# Spark Plug gap on a tune



## Thebigzeus (Dec 2, 2018)

So since I have the BNR LS7 coils it has opened up the question again of what should my plugs be gapped at. I assume since they are over double the voltage of stock, I could open the gap up. I believe this would increase fuel economy, but at what risk? Does it have any other benefits? I know usually plugs are gapped down for a tune. Thoughts? Thanks


----------



## Blasirl (Mar 31, 2015)

Thebigzeus said:


> So since I have the BNR LS7 coils it has opened up the question again of what should my plugs be gapped at. I assume since they are over double the voltage of stock, I could open the gap up. I believe this would increase fuel economy, but at what risk? Does it have any other benefits? I know usually plugs are gapped down for a tune. Thoughts? Thanks


I saw @[email protected] was back on the forum recently. Try asking him.


----------



## Thebigzeus (Dec 2, 2018)

Blasirl said:


> I saw @[email protected] was back on the forum recently. Try asking him.

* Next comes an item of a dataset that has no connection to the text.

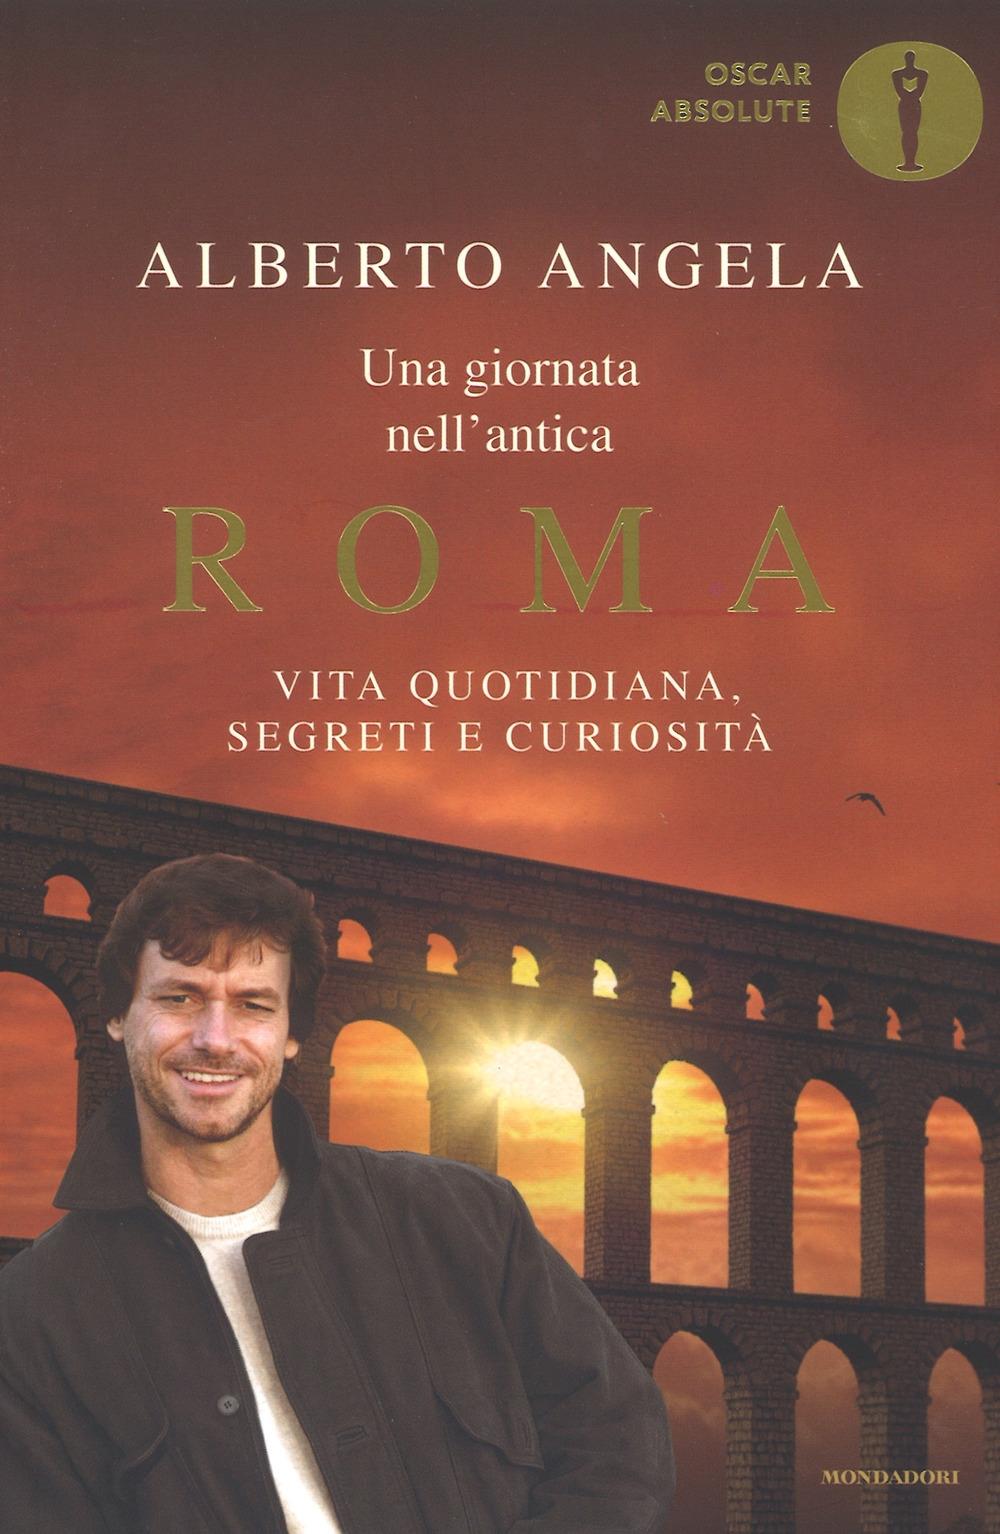 Una giornata nell'antica Roma. Vita quotidiana, segreti e curiosità.

Yeah I sometimes try to when I send in tune logs. He’s there to get a tune update and go to the next one I figure though.


----------



## Blasirl (Mar 31, 2015)

Thebigzeus said:


> Yeah I sometimes try to when I send in tune logs. He’s there to get a tune update and go to the next one I figure though.


Maybe @jblackburn has some input. I just remembered the @XtremeRevolution has this setup as well. Maybe he will chime in.


----------



## Thebigzeus (Dec 2, 2018)

So I opened them up to around .035 and it was misfire city on the tuning logs. Didn’t have time to let it cool enough to pull them back out. BNR facebook peoples suggested .018 to .020. I think I will go the 18 and see how things perform.


----------



## Mr_Pat (Mar 7, 2021)

weren't you at .02 something before ?? I put mine in at .028 on the MSD without the tune .. given I havent checked them since and I have a tune on it now.


----------



## snowwy66 (Nov 5, 2017)

Google says they're 45k volts to the plugs.

When coil packs first came out, they were 50k volts with .045 to .060 gap.

.035 should be an easy gap for them.


----------



## JLL (Sep 12, 2017)

snowwy66 said:


> Google says they're 45k volts to the plugs.
> 
> When coil packs first came out, they were 50k volts with .045 to .060 gap.
> 
> .035 should be an easy gap for them.


But weren't those engine were naturally aspirated?


----------



## snowwy66 (Nov 5, 2017)

JLL said:


> But weren't those engine were naturally aspirated?


According to torque. It takes some throttle before the turbo works. 

It's still an easy gap. Regardless.


----------



## [email protected] (Nov 12, 2011)

We had best results around .022-.025 on our cars. Boost means small gaps. High performance turbo cars like the GTR run .025 stock from factory. Higher boost builds get as tight as .018.


----------